Convergence of improper integral $\to\pi$

Question

$$\int_0^\pi\frac{\sin^2x}{\pi^2-x^2}\mathrm dx$$

$\sin$ is converging, but the rest has infinite limit in this segment, while $ \to\pi$, so Abel doesn't work. Dirichlet is not working either. I tried to bound this integral, but unsuccessfully. Not sure what else to use. Any throughts?

Answer 1

Denote $u= \pi -x$. You have $$f(x)= \frac{\sin^2x}{\pi^2 - x ^2} = f(\pi - u) = \frac{\sin^2 u}{\pi^2-(\pi-u)^2}= \frac{\sin^2 u}{2 \pi u-u^2}.$$

Therefore $$\lim\limits_{u \to 0} \frac{\sin^2 u }{2 \pi u - u^2} = 0$$ as $\sin u \sim u$ around $0$.

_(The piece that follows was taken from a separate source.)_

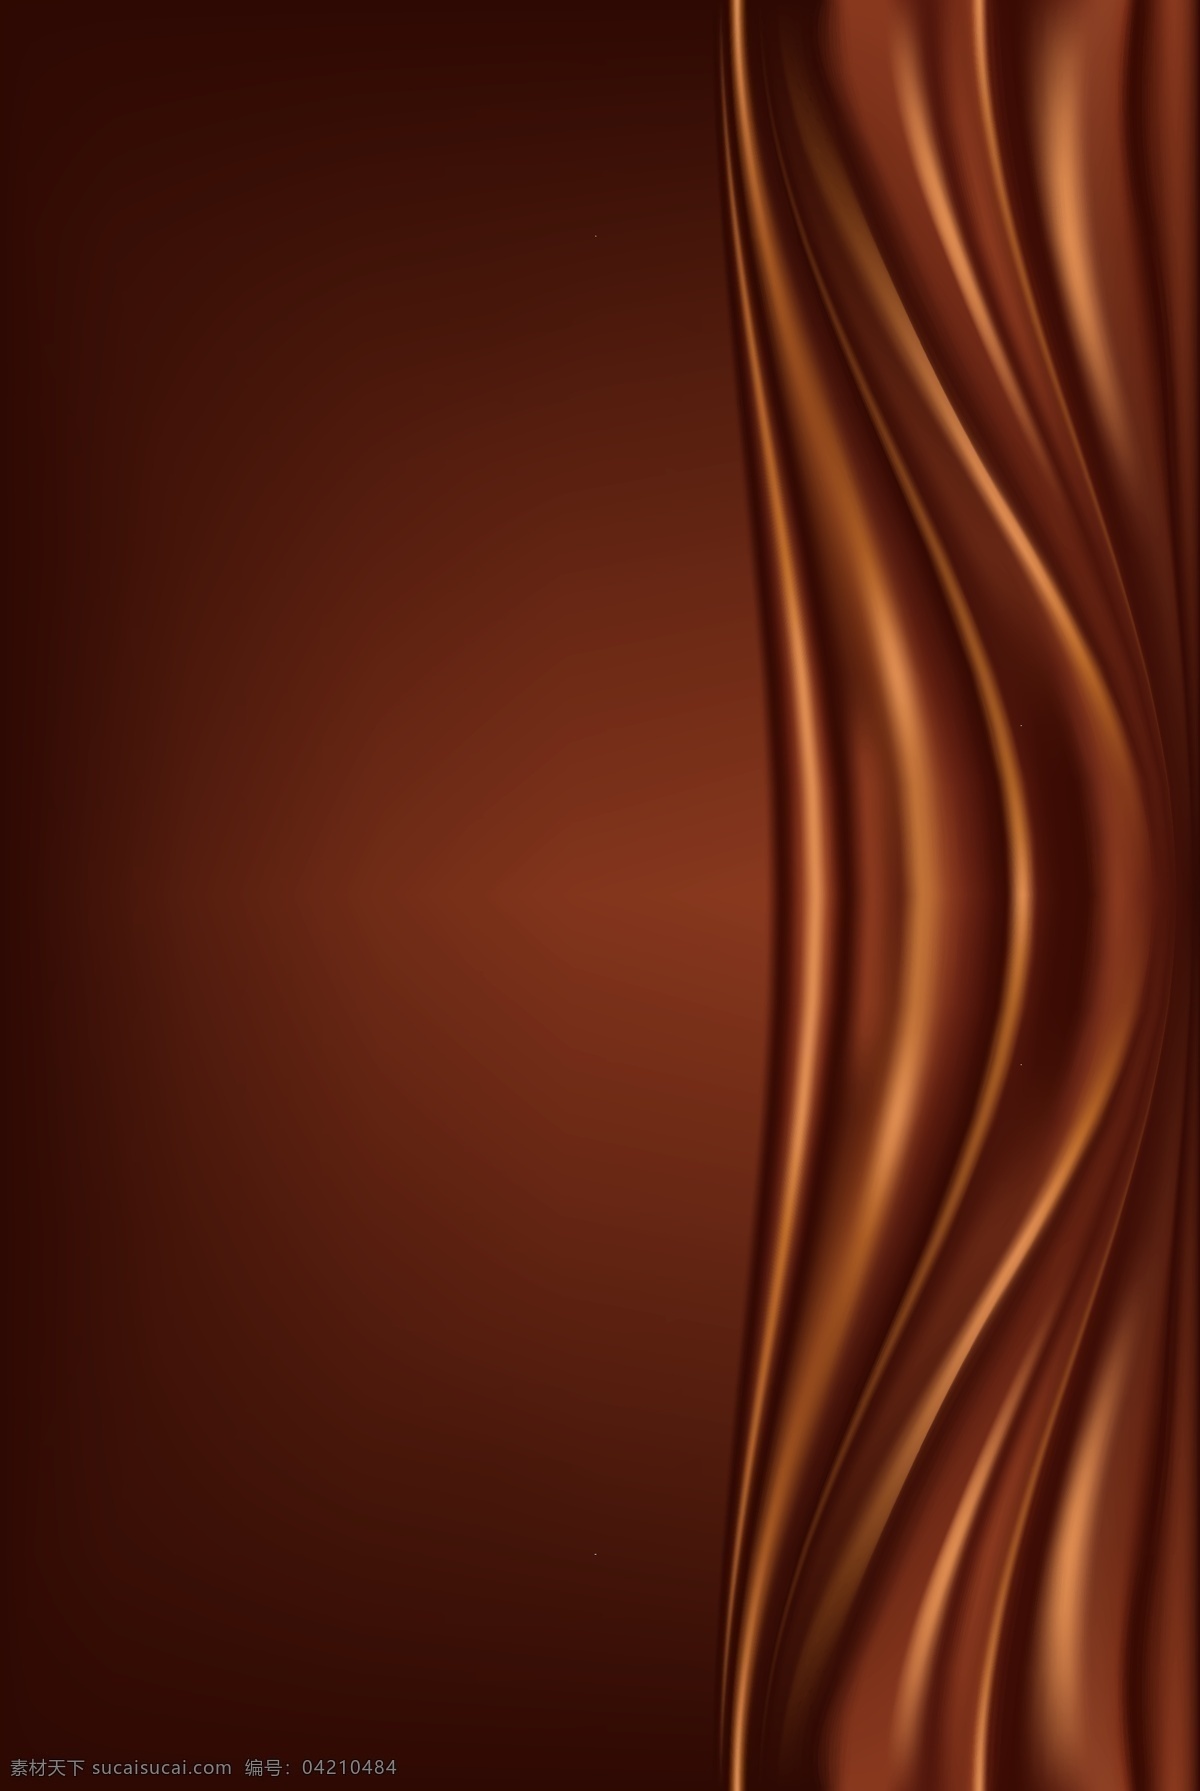 矢量 质感 丝绸 背景 丝绸背景 巧克力背景 浓滑丝绸 巧克力广告 质感丝绸 矢量丝绸背景 浓稠巧克力 设计背景 底纹边框 背景底纹

Conclusion, the function under the integral sign is continuous at $\pi$ and the integral converges.

Answer 2

Split the integral in half and apply $x\mapsto\pi-x$ to the $x>\pi/2$ integral. You'll see each integral ends up with an integrand whose numerator and denominator are respectively $O(x^2)$ and $O(x^{0\,\text{or}\,1})$ for small $x$, and the integrals converge.